Police Scotland is the second largest force in the UK after the Met but it is the only one not to have the cameras as standard equipment.

The technology has been in use in England since 2016.

"It will be a game changer for a whole range of reasons," said the chief superintendent.

"Not just from the point of police assaults but catching best evidence, disproving complaints or providing good evidence for public complaints.

"All round it's very welcome and can't come soon enough.

"Any change like this will be challenging and Highlands and Islands provides its own challenges.

"It's not just about the camera that the officer wears. There's the docking station and the IT infrastructure that sits behind it.

"All that needs to happen, which is a massive IT project, which is further complicated by our geography.".
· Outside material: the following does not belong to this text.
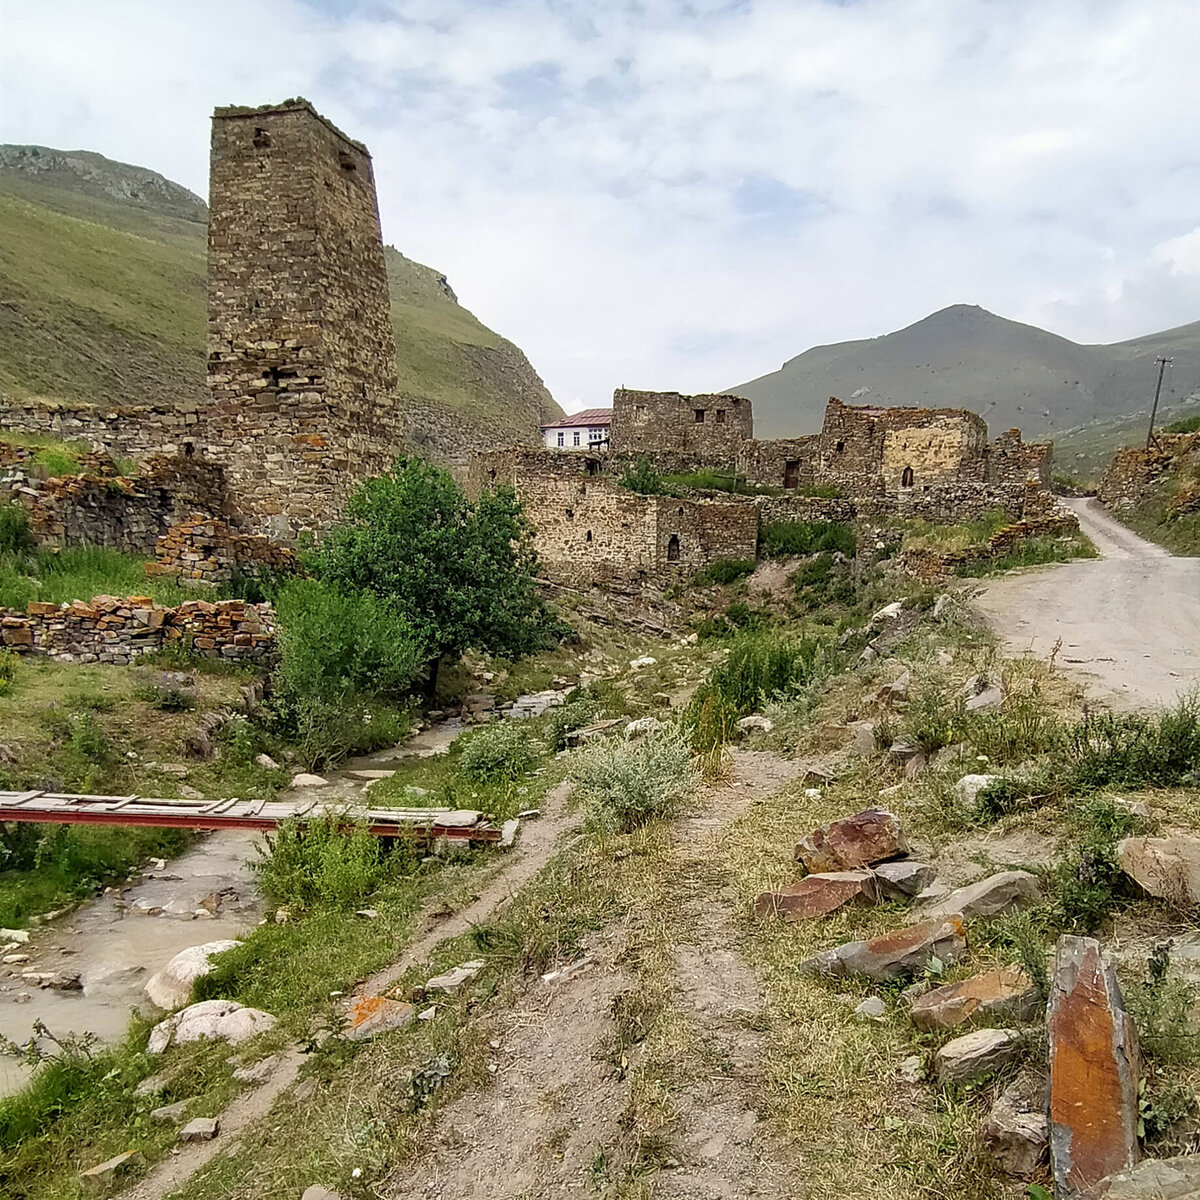 Справа от башни Езеевых - руины галуана Битуевых. Галуаном осетины называют замки. Хозяева покинули его в XIX веке.
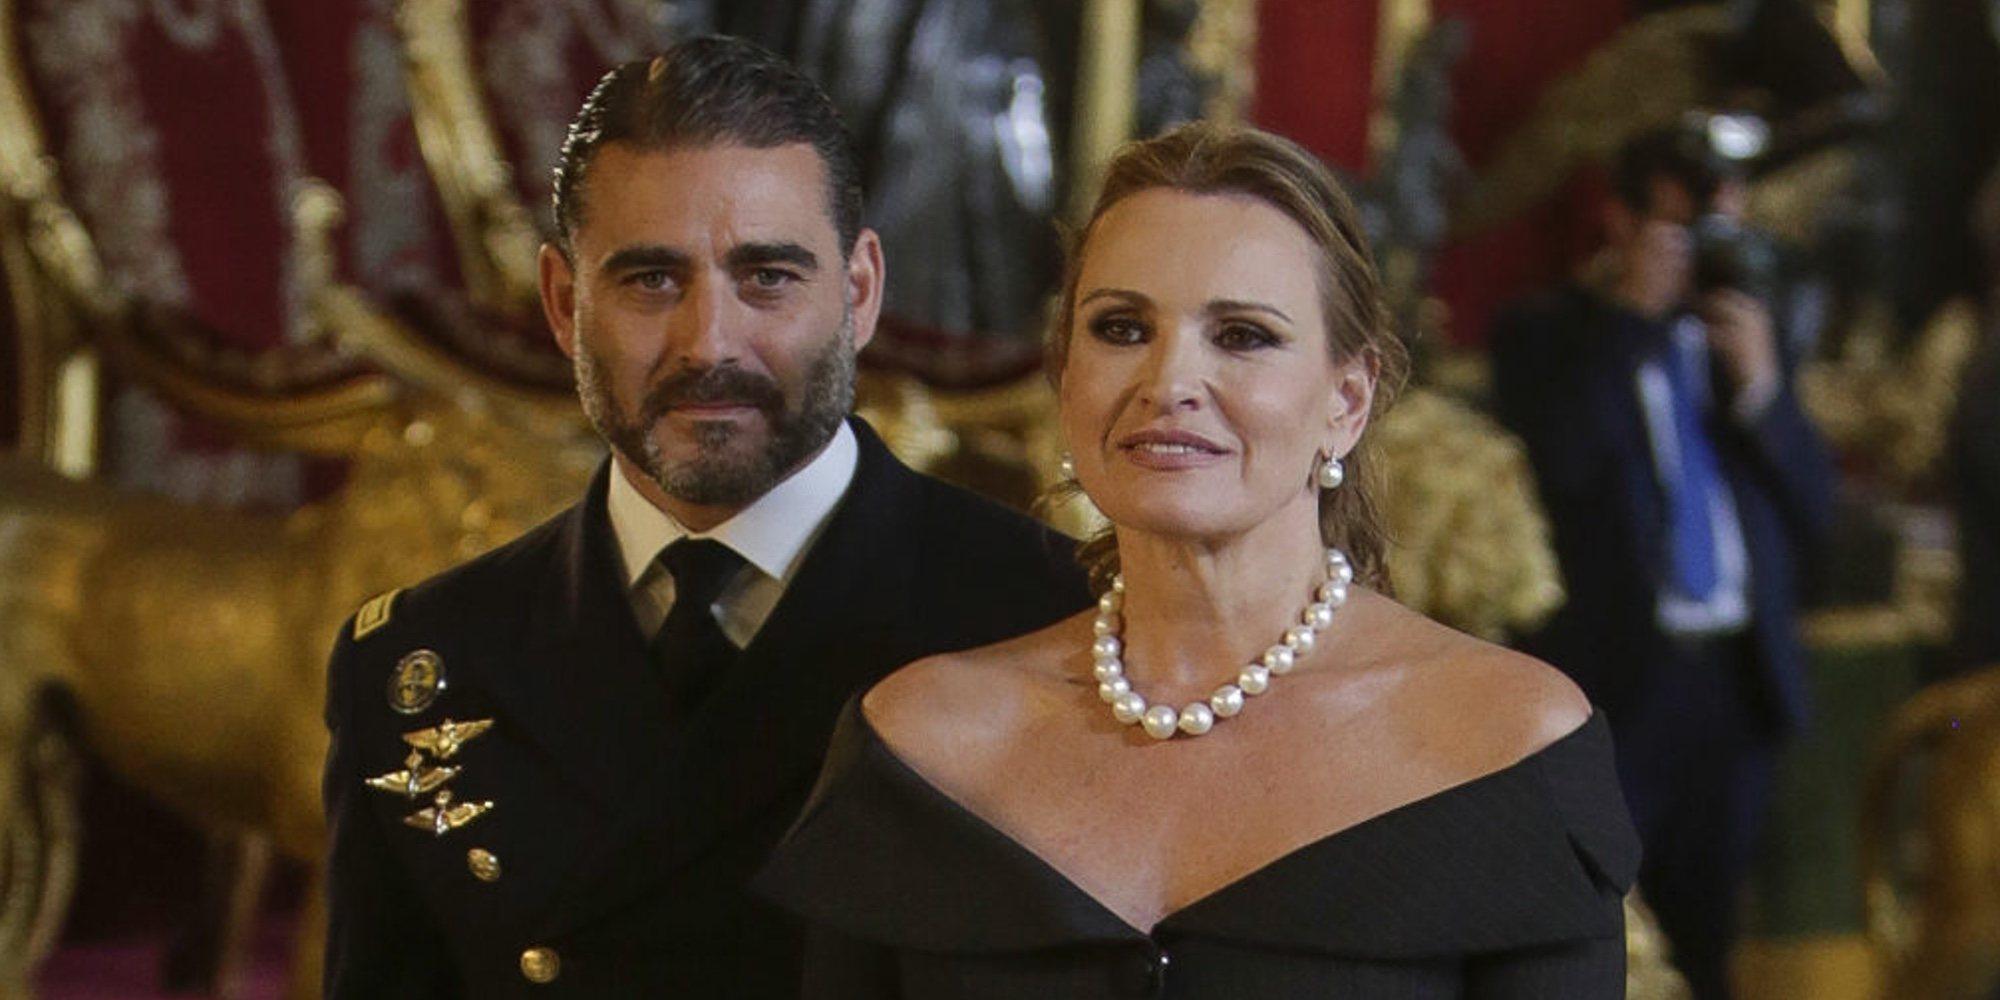 La soprano Ainhoa Arteta anuncia boda con su nuevo novio, el capitán de navío Matías Urrea

Police officers across Scotland suffered 18 assaults a day in 2022/23 which, while a slight reduction on the previous year, still accounted for a total of 6,657 cases.

In more than a quarter of these episodes, officers sustained notable injuries.

In January Scott McGregor was jailed for 12 years after pleading guilty to the attempted murder of one police officer and assaulting two others during a frenzied attack that took place in a flat in Glasgow’s Lambhill in October 2022.